Sleep deprivation and the control of ventilation.

Sleep deprivation is common in acutely ill patients because of their underlying disease and can be compounded by aggressive medical care. While sleep deprivation has been shown to produce a number of psychological and physiologic events, the effects on respiration have been minimally evaluated. We therefore studied resting ventilation and ventilatory responses to hypoxia and hypercapnia before and after 24 h of sleeplessness in 13 healthy men. Hypoxic ventilatory responses (HVR) were measured during progressive isocapnic hypoxia, and hypercapnic ventilatory responses (HCVR) were measured using a rebreathing technique. Measures of resting ventilation, i.e., minute ventilation, tidal volume, arterial oxygen saturation, and end-tidal gas concentrations, did not change with short-term sleep deprivation. Both HVR and HCVR, however, decreased significantly after a single night without sleep.
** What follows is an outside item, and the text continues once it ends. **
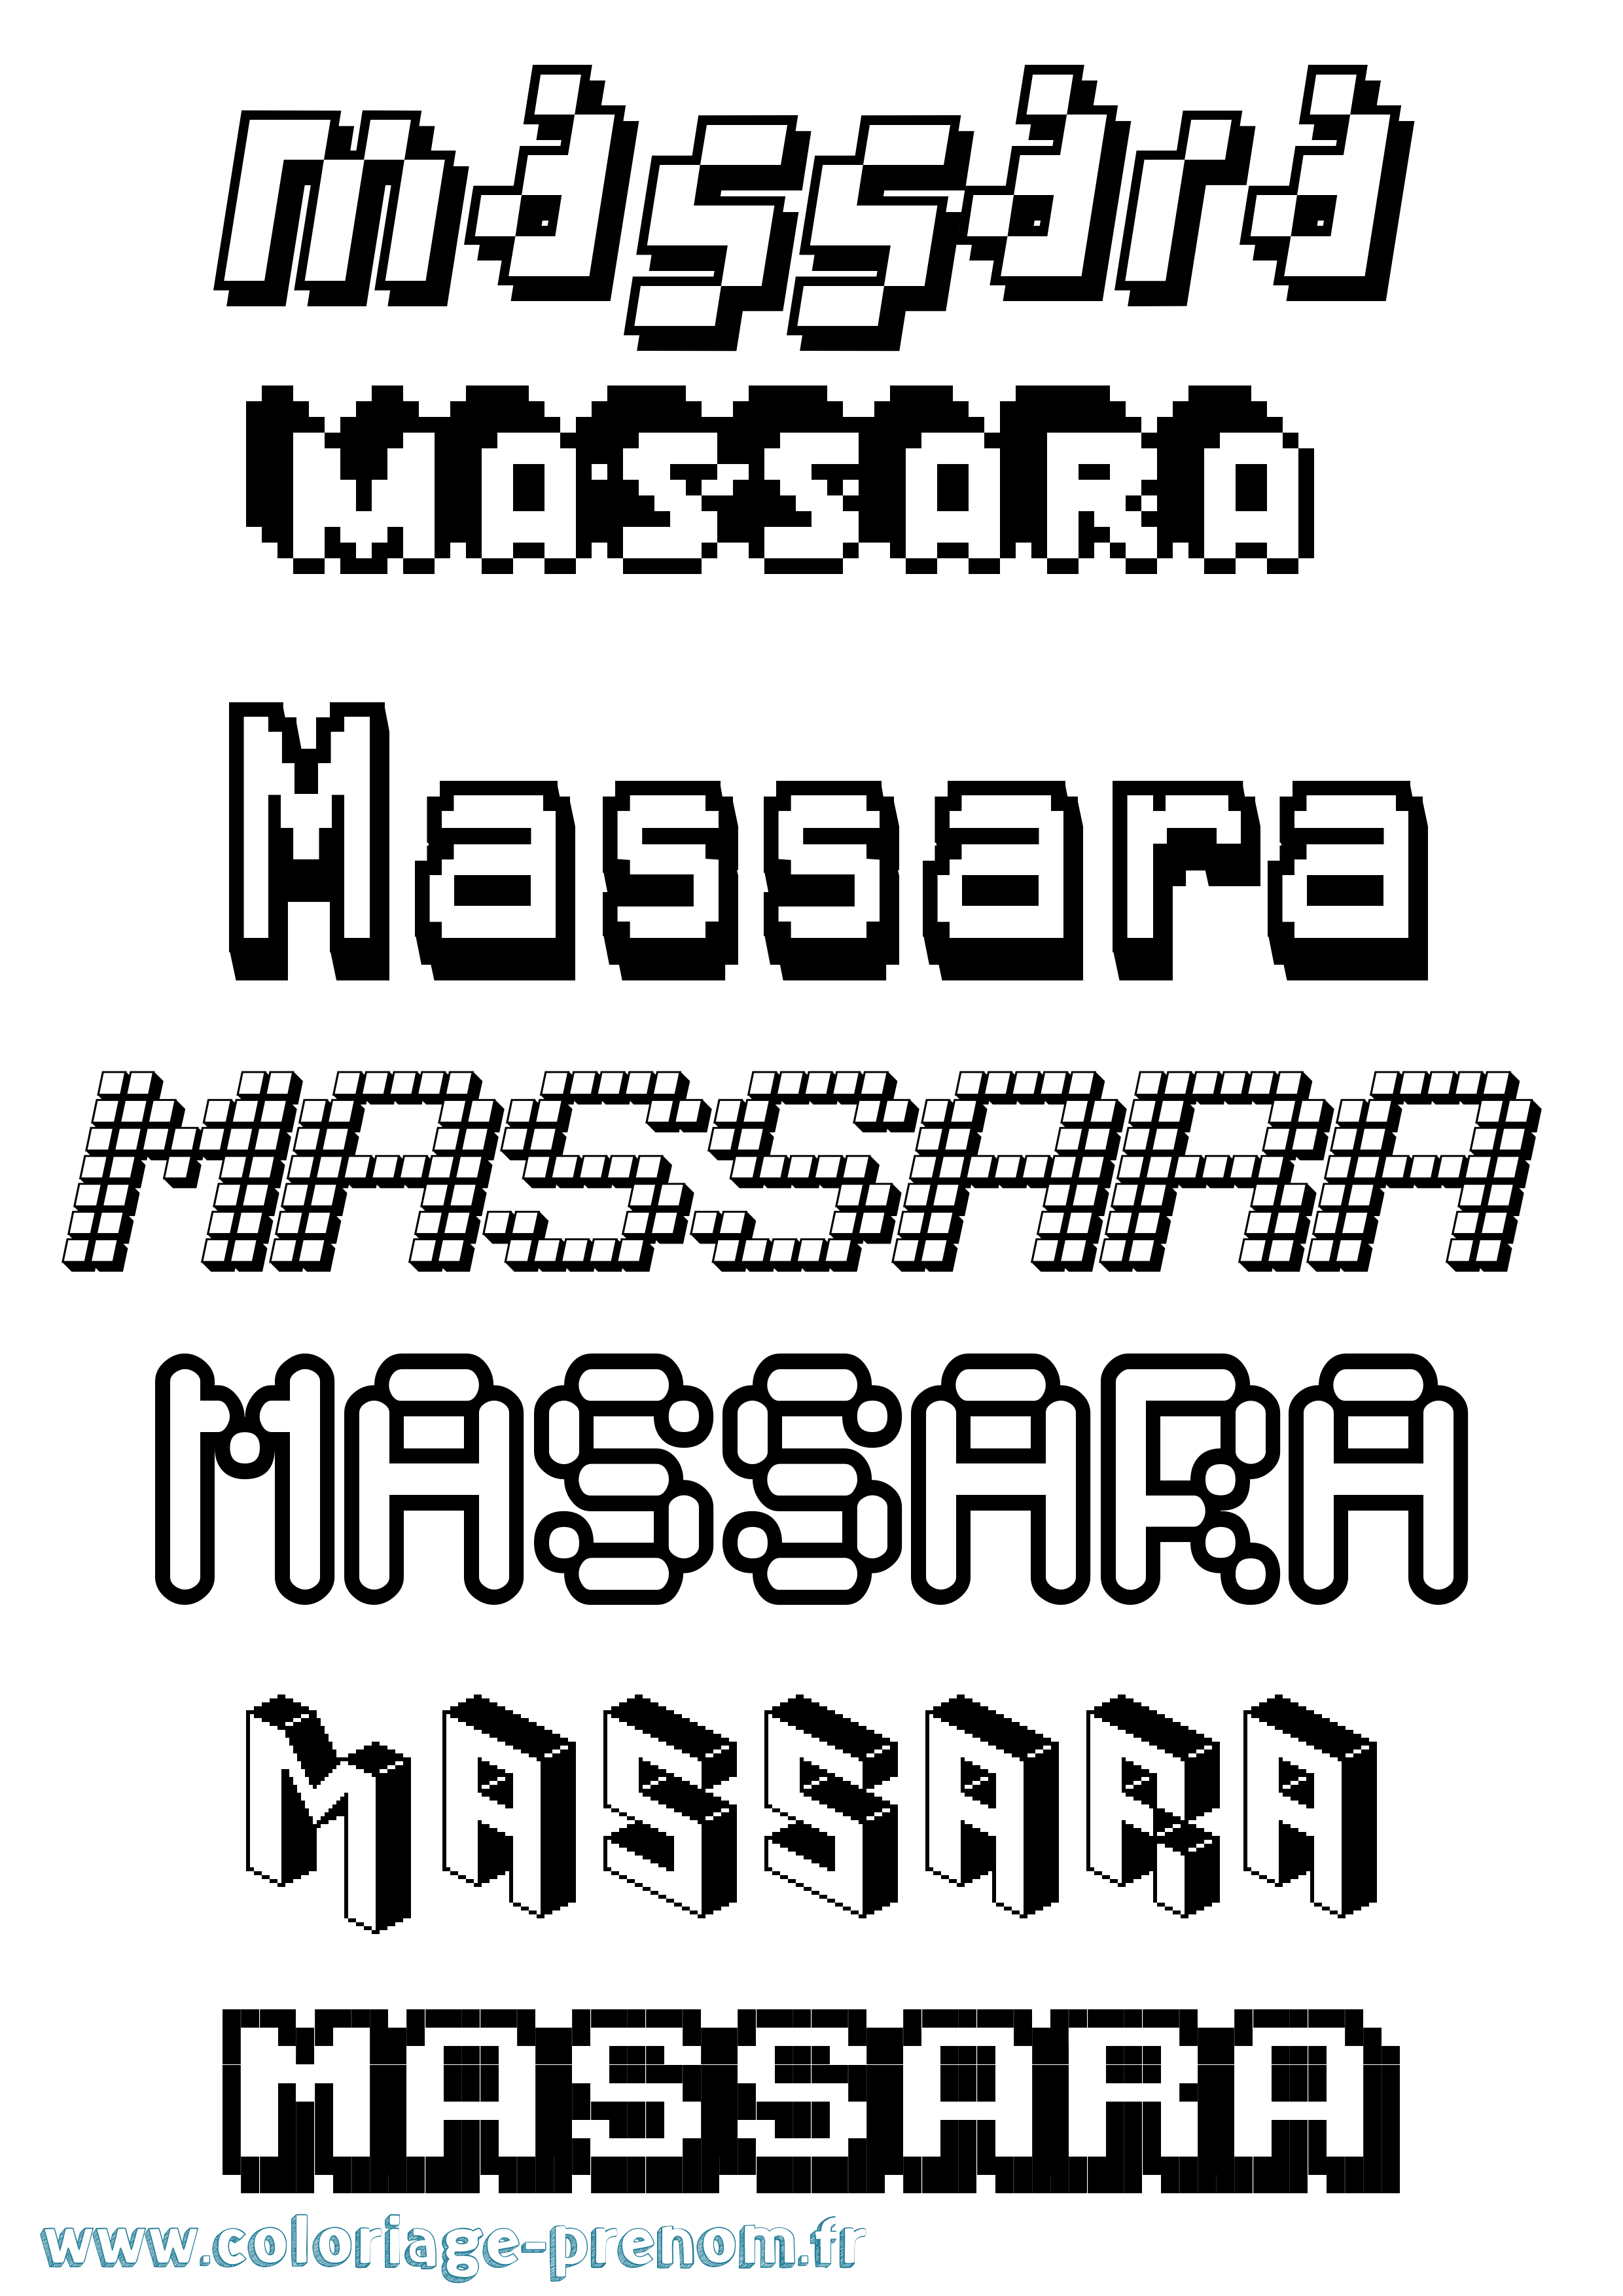 Coloriage prénom Massara Pixel

The mean hypoxic response decreased 29% from a slope of 1.20 +/- 0.22 (SEM) to 0.85 +/- 0.15 L/min/% saturation (p less than 0.02), and the slope of the HCVR decreased 24% from 2.07 +/- 0.17 to 1.57 +/- 0.15 L/min/mmHg PCO2 (p less than 0.01). These data indicate that ventilatory chemosensitivity may be substantially attenuated by even short-term sleep deprivation. This absence of sleep could therefore contribute to hypoventilation in acutely ill patients.